While not as fast, its typically planty for both photography buffer and all sorts of internal 10bit video recording, and on newer machines even some 4K 12bit internal compressed RAW stuff.

I wonder when will we see a true improvement in price to value over that Angelbird, and it seems like not any time soon, frankly. It absolutely dominates this sub 200 dollar category.
AngelBird CFX-B card and its reader have terrible reviews(terrible QC, bad aftersales support and firmware update requiring said Angelbird reader which costs $80). There are quite a few options for sub $200 512GB cards(Prograde, Sabrent, OWC, Transcend, Exascend and Pergear) so there already is quite a lot of competition in that segment and these cards work for most users unless they are leaning heavily in video segment in which case these high performance cards a necessity.
 
AngelBird CFX-B card and its reader have terrible reviews(terrible QC, bad aftersales support and firmware update requiring said Angelbird reader which costs $80).
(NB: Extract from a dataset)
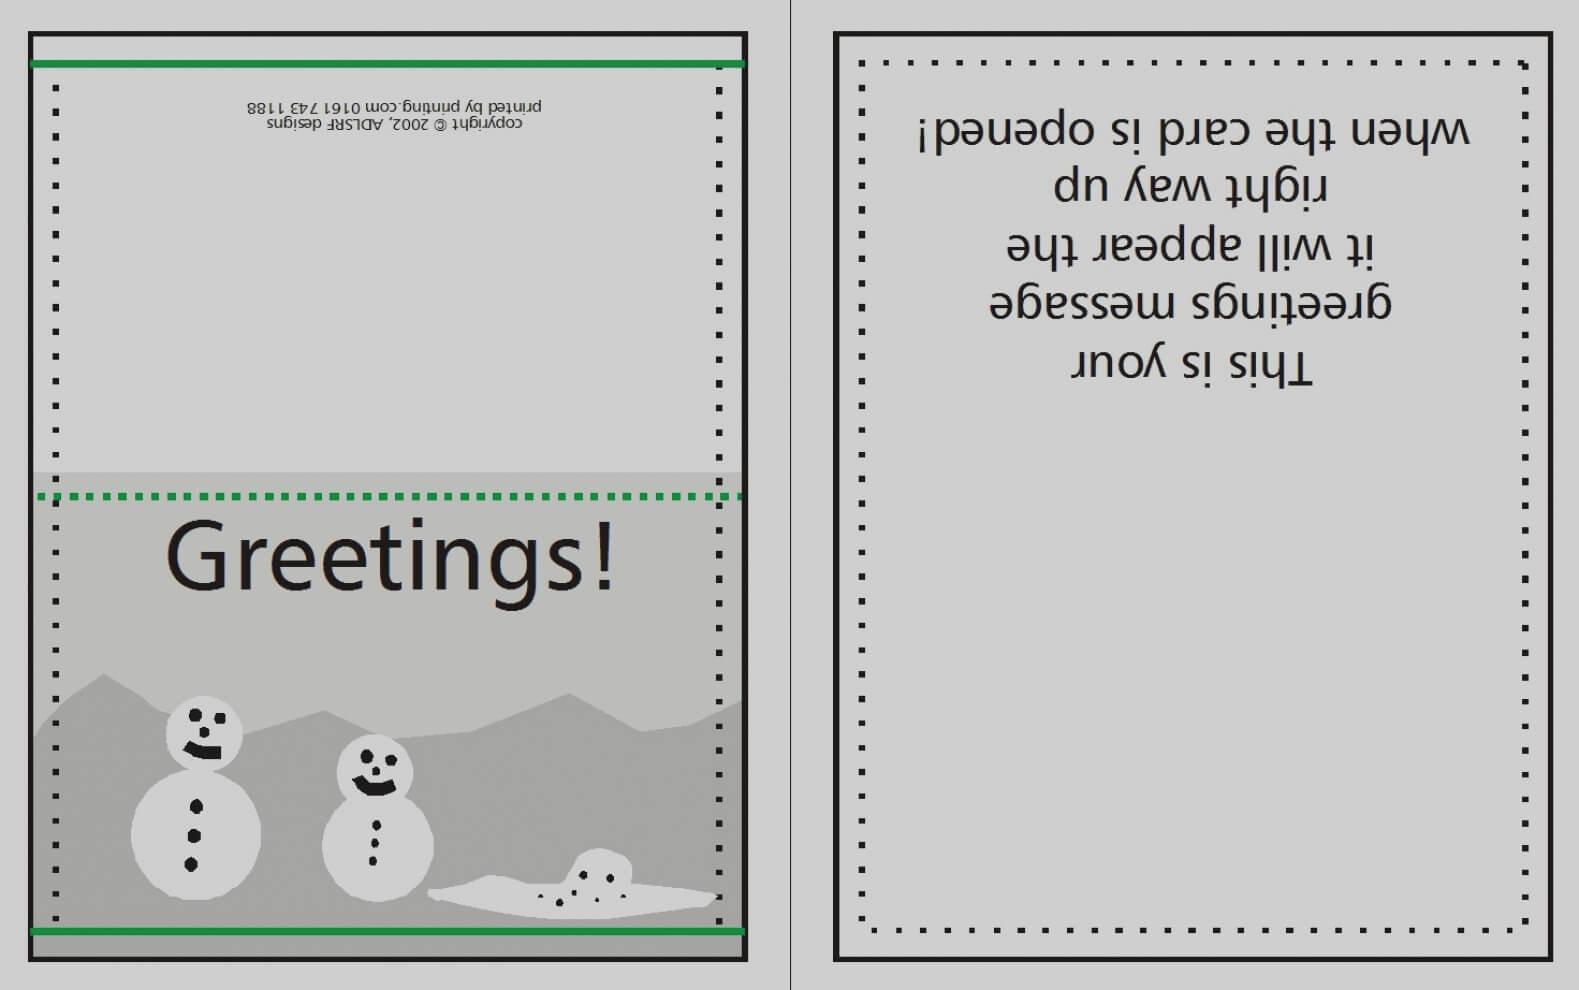 027 Card Template Birthday Invitation Quarter Fold In Ideas Within Quarter Fold Card Template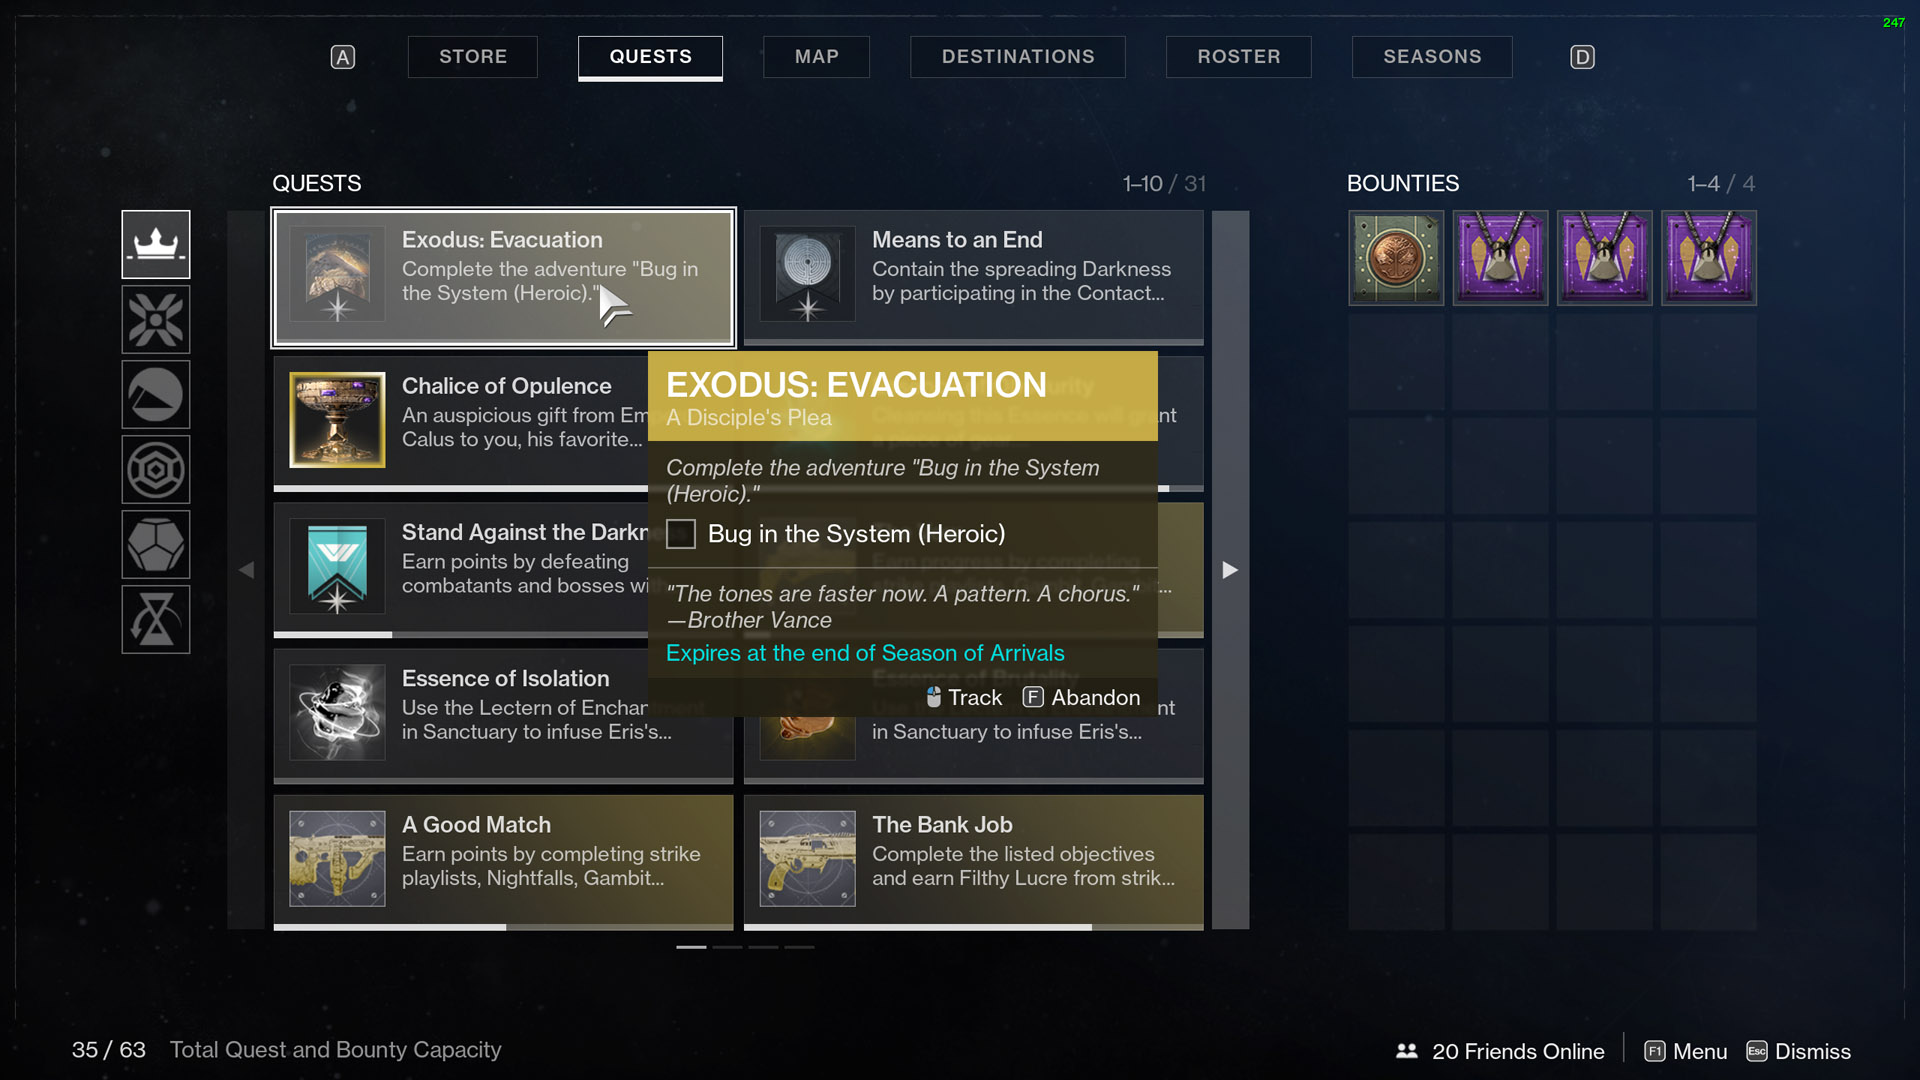 Destiny 2 Exodus Evacuation A Disciple's Plea

There are quite a few options for sub $200 512GB cards(Prograde, Sabrent, OWC, Transcend, Exascend and Pergear) so there already is quite a lot of competition in that segment and these cards work for most users unless they are leaning heavily in video segment in which case these high performance cards a necessity.
Among where I participate socially, which admittedly is camera user circles, there was almost zero complaints about both the reader and the card, sampling a few dozen cases I know of personally.

Its important to remember that anything popular with have an abundance of terrible reviews out of sheer popularity. The only case I know of a faulty card among the circles I participate was physical damage as a result of dropping it.

Regarding the reader - not buying the ProGrade SD + CFXB one is a poor choice, and that's all I gotta say. Best 60 bucks ive ever spent on a piece of camera related equipment.